Boy George was probably the first 80's performer to popularise the gender bender style which saw a momentary peak in 1983. Marilyn soon followed, but in an effort to become a more serious performer, he dropped the frock and quickly fell into the fickle 80's fashion abyss. Around the time of Boy George's rise, Annie Lennox also appeared in Sweet Dreams - sporting a short orange haircut and male suit. While this fad seem to disappear by late 84, a momentarily resurgence of the gender benders appeared in 1985 with Dead or Alive.

So what triggered this apparent rise and fall? The most likely explanation comes from the high rotation of gimmicks and fads in the early 80s. Gender bender fashion was not an 80s invention and many performers of the 70s also experimented with this type of image - particularly the glam rockers. However, the transient nature of the early 80's fashion allowed the momentary creation of new styles. Another contributing factor is likely to be the increasing impact of music video clips on the public - for the first time pop stars were reaching a TV audience 24 hours a day instead of through occasional and often brief appearances on hour-long pop shows that appeared once on TV once a week. This ability to break away from sanitised TV allowed many performers to adopt gender bender outfits. Annie Lennox shocked many people with her stark manly look in Sweet Dreams.
It can be suggested that many of the 50s and 60s singers enhanced their public image and gained a wider audience through movies (Elvis Presley, The Monkees and the Beatles are good examples). As an aside, is it really a coincidence that movie musicals died around the time that music video started to appear? Grease was released in 78 - and was probably the last successful musical.

As this gallery shows, it wasn't always the men popping on a frock - Marilyn, Boy George, Fred Mercury and Divine were joined by Annie Lennox and all girl band the Belle Stars doing their best to become gender benders.

The first of the commercial cross-dresses and definitive 80's icon. As lead singer for Culture Club, he is probably the first person that comes to people's mind when talking about the 80's gender benders.

Always seen as a silly imitation of Boy George, the rest of the 80's saw him shrug his frock and disappear into the fickle 80's fashion abyss. In 84 he attempted to make a serious return without the frock and make-up, but the album was a stinker.
When most of the androgynous performers had returned to the typical clothes of their gender, along came Dead or Alive, as pictured here in the 85 music video - You Spin Me Round. Even the re-release of the song in 96 with a new video showed that the frock was only traded in for a new one.

Queen's 'I want to break free' had the entire band dressed up in shirts, frocks and a school uniform. At the time, many hard rockers were distraught that this clip came from the same band that produced anthems such as Bohemian Rhapsody and We Will Rock You.

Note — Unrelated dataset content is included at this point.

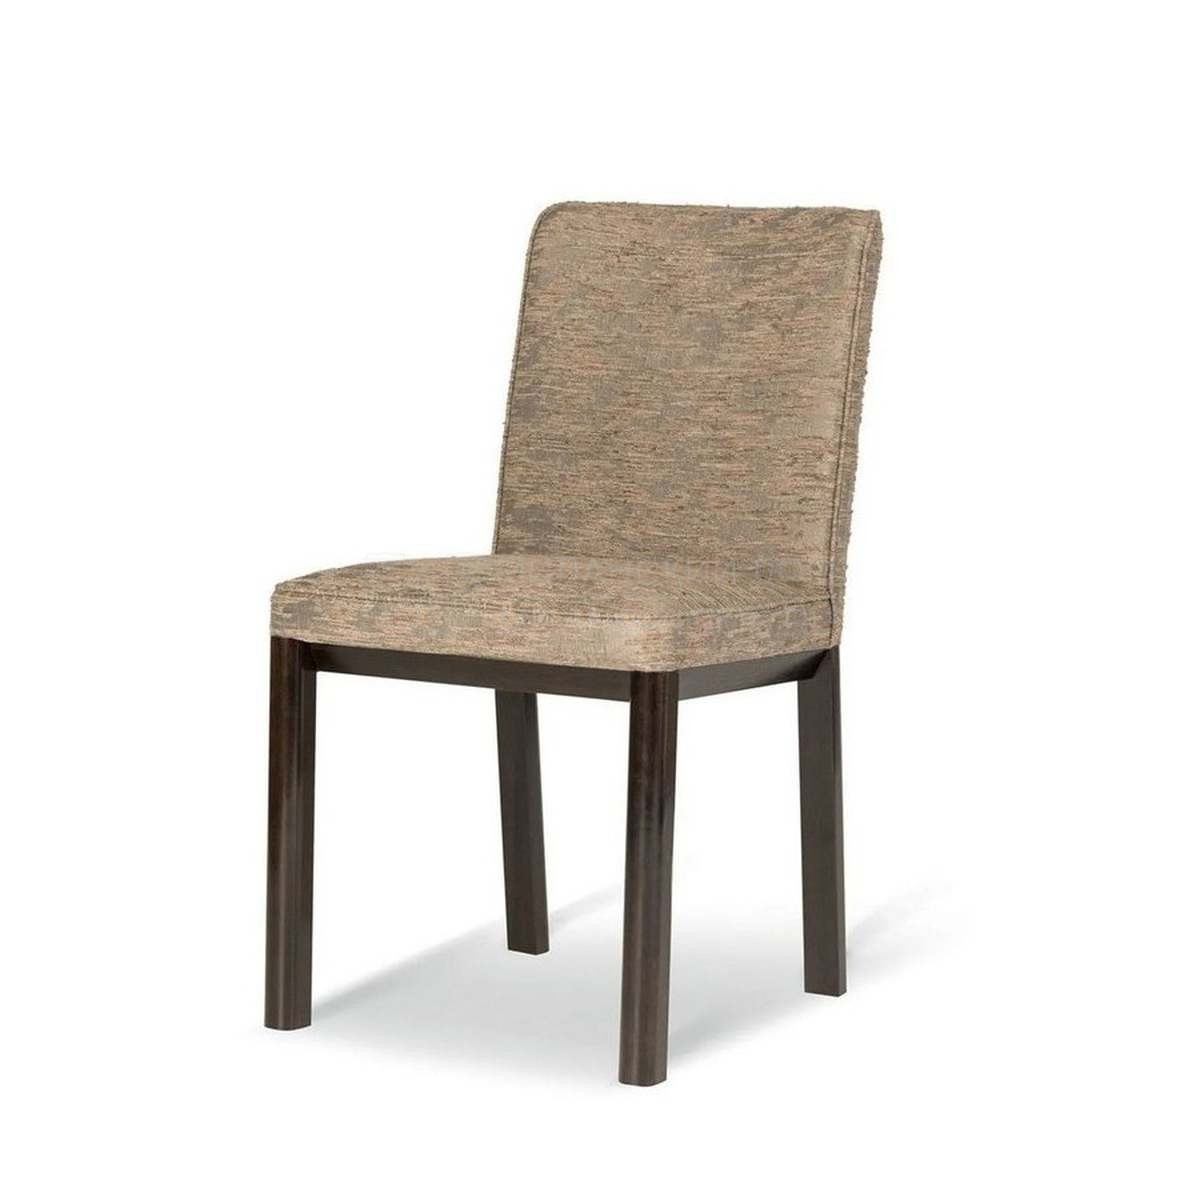 Стул Giotto chair without armrests из Италии фабрики ARMANI CASA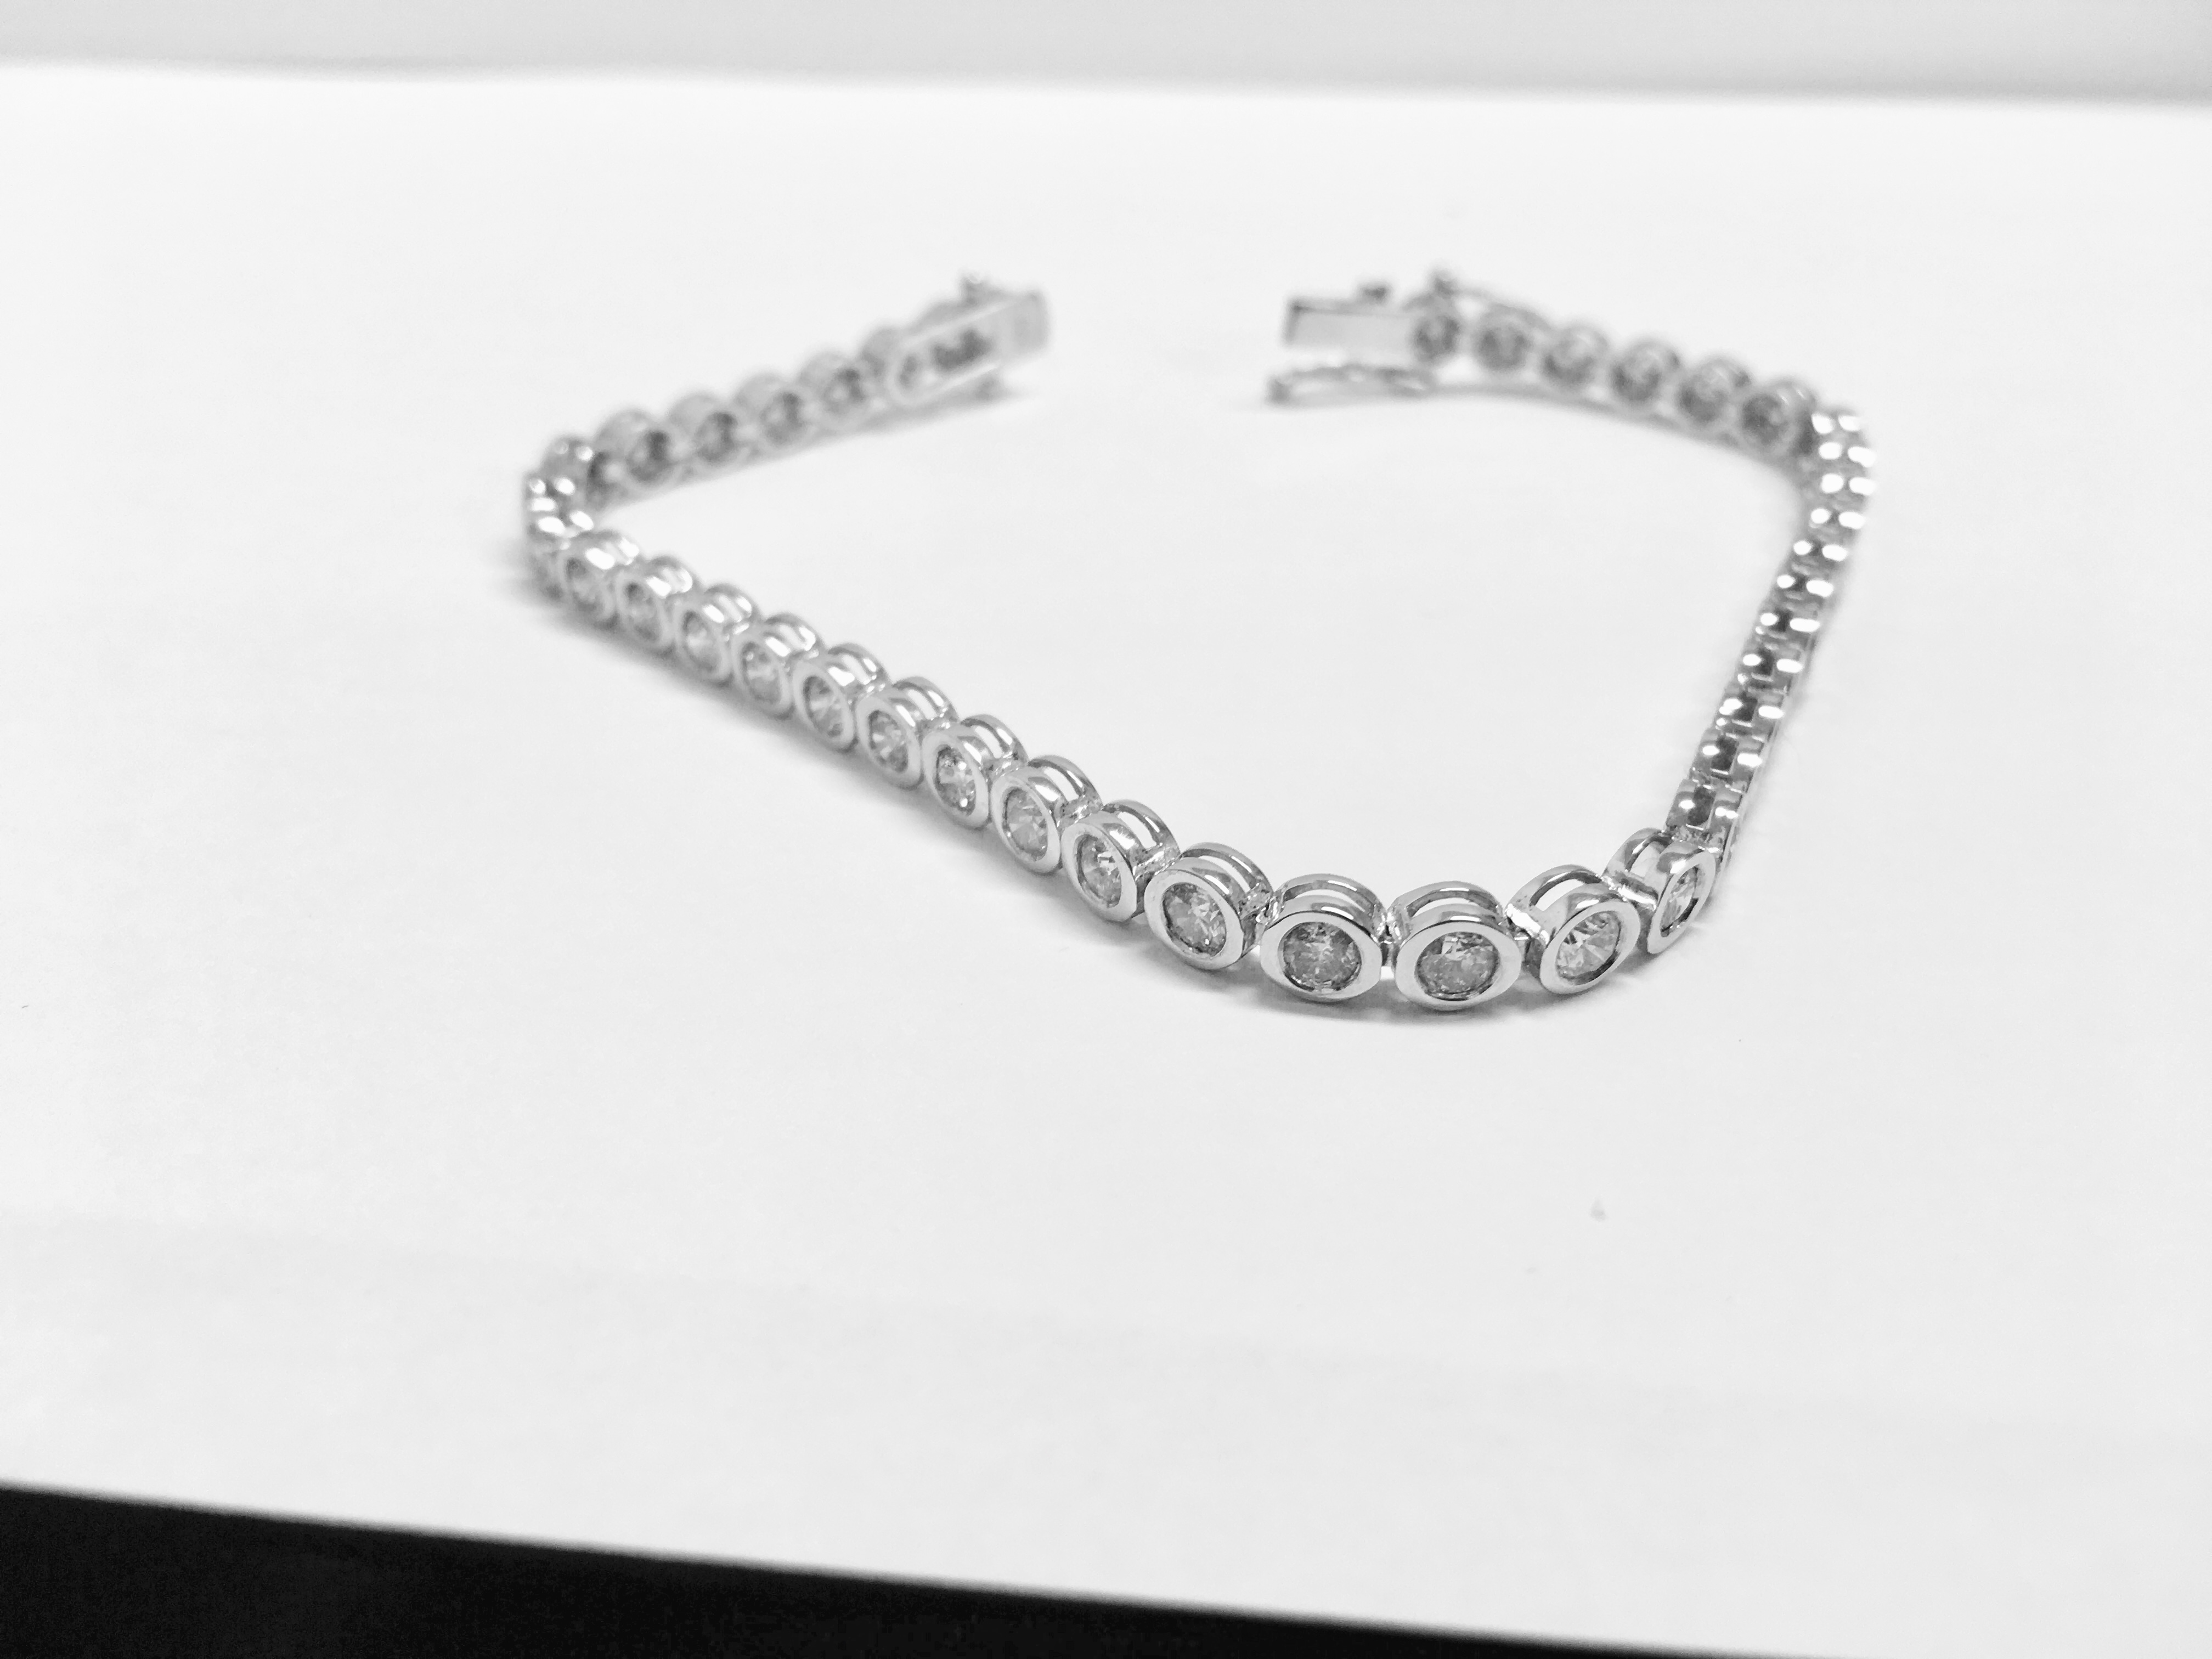 3.50ct tennis style bracelet set with brilliant cut diamonds

Divine was more of a drag-queen turned pop star, rather than a pop star who turned drag-queen. His clips showed that he had way too much fun dressing up in skirts and tarty dresses. His favourite trick was to pick a garment that accentuated his oversized beer gut.

While Annie Lennox quickly dropped the male look in subsequent videos, her gender bender appearance in the ground breaking Sweet Dreams music video certainly drew a lot of attention to the song.

While not one of the most famous bands of the 80's, the Belle Stars did adopt the androgynous look. This video captures is from "Sign of the times" which is less well known than Iko Iko (a song that featured in 88's Rain Man).